§ **How to complete this task**
Below are entries; print them exactly from the first line through the one containing "Tagliolini allo scoglio".

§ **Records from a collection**
════════════════════

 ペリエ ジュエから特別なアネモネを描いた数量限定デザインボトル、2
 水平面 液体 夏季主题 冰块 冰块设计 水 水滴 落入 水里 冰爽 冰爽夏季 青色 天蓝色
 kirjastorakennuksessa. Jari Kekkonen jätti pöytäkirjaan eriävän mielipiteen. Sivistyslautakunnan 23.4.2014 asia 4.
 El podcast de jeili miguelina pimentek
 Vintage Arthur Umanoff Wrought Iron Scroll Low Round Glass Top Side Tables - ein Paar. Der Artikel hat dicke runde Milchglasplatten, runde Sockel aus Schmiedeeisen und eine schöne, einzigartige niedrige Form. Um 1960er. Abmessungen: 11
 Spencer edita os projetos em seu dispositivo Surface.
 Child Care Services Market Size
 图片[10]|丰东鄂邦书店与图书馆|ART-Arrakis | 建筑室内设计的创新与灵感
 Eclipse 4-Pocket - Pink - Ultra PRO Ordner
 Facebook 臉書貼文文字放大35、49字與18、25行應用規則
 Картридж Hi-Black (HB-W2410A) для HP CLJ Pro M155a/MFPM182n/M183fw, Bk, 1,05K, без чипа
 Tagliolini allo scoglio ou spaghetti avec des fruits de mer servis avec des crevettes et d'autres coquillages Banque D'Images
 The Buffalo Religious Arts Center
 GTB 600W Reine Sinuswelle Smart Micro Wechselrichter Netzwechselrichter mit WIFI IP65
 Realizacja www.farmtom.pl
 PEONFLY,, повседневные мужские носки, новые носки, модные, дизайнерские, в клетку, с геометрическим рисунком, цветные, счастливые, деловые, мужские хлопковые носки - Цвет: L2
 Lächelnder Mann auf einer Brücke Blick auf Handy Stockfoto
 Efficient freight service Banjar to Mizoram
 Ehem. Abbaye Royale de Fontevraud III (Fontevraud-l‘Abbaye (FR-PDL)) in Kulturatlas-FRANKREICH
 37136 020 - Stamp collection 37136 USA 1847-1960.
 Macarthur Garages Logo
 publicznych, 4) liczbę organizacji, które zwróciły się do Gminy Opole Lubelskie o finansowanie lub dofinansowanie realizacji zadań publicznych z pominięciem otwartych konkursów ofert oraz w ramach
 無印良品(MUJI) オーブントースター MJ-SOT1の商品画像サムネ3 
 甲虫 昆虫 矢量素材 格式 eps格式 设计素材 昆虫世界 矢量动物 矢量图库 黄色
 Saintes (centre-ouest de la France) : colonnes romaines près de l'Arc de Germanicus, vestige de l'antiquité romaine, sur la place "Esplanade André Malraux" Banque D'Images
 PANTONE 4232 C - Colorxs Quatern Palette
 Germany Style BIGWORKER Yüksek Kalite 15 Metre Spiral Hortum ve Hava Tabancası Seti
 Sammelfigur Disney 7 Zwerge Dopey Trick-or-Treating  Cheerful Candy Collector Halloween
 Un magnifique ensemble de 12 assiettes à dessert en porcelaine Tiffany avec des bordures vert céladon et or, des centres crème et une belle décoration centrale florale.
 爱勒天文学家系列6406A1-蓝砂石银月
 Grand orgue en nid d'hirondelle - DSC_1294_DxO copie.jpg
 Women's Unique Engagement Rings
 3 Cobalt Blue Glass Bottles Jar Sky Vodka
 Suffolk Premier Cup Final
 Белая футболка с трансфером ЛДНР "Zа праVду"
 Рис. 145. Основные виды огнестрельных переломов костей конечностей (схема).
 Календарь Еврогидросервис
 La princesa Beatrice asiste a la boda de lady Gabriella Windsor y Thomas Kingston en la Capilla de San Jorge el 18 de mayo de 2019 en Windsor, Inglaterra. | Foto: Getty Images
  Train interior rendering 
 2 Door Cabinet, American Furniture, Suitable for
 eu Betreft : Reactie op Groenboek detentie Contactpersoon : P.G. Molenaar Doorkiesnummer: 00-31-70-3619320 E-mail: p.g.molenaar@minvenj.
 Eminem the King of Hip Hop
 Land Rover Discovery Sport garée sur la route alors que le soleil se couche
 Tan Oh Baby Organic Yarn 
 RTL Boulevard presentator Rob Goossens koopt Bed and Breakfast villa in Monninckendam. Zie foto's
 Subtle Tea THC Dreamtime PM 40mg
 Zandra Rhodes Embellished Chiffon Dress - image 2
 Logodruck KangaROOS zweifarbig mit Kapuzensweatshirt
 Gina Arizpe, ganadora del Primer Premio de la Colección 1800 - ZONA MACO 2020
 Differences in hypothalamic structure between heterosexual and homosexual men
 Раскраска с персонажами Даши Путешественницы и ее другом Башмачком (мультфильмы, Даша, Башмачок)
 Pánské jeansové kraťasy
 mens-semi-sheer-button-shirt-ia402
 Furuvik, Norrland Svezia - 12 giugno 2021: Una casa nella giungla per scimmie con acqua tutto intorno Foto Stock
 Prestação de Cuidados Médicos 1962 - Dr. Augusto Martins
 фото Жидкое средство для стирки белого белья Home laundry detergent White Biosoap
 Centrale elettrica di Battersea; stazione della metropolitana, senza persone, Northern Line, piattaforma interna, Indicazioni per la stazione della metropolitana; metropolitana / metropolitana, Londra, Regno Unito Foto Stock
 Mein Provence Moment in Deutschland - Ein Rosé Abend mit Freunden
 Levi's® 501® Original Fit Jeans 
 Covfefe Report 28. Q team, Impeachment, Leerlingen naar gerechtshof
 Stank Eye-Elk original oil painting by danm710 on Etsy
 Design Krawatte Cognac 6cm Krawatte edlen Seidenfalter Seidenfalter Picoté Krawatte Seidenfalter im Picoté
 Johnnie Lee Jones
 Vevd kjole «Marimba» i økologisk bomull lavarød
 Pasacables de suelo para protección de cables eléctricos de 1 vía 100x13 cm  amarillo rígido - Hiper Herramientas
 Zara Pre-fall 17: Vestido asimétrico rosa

════════════════════

§ **Response area**
 ペリエ ジュエから特別なアネモネを描いた数量限定デザインボトル、2
 水平面 液体 夏季主题 冰块 冰块设计 水 水滴 落入 水里 冰爽 冰爽夏季 青色 天蓝色
 kirjastorakennuksessa. Jari Kekkonen jätti pöytäkirjaan eriävän mielipiteen. Sivistyslautakunnan 23.4.2014 asia 4.
 El podcast de jeili miguelina pimentek
 Vintage Arthur Umanoff Wrought Iron Scroll Low Round Glass Top Side Tables - ein Paar. Der Artikel hat dicke runde Milchglasplatten, runde Sockel aus Schmiedeeisen und eine schöne, einzigartige niedrige Form. Um 1960er. Abmessungen: 11
 Spencer edita os projetos em seu dispositivo Surface.
 Child Care Services Market Size
 图片[10]|丰东鄂邦书店与图书馆|ART-Arrakis | 建筑室内设计的创新与灵感
 Eclipse 4-Pocket - Pink - Ultra PRO Ordner
 Facebook 臉書貼文文字放大35、49字與18、25行應用規則
 Картридж Hi-Black (HB-W2410A) для HP CLJ Pro M155a/MFPM182n/M183fw, Bk, 1,05K, без чипа
 Tagliolini allo scoglio ou spaghetti avec des fruits de mer servis avec des crevettes et d'autres coquillages Banque D'Images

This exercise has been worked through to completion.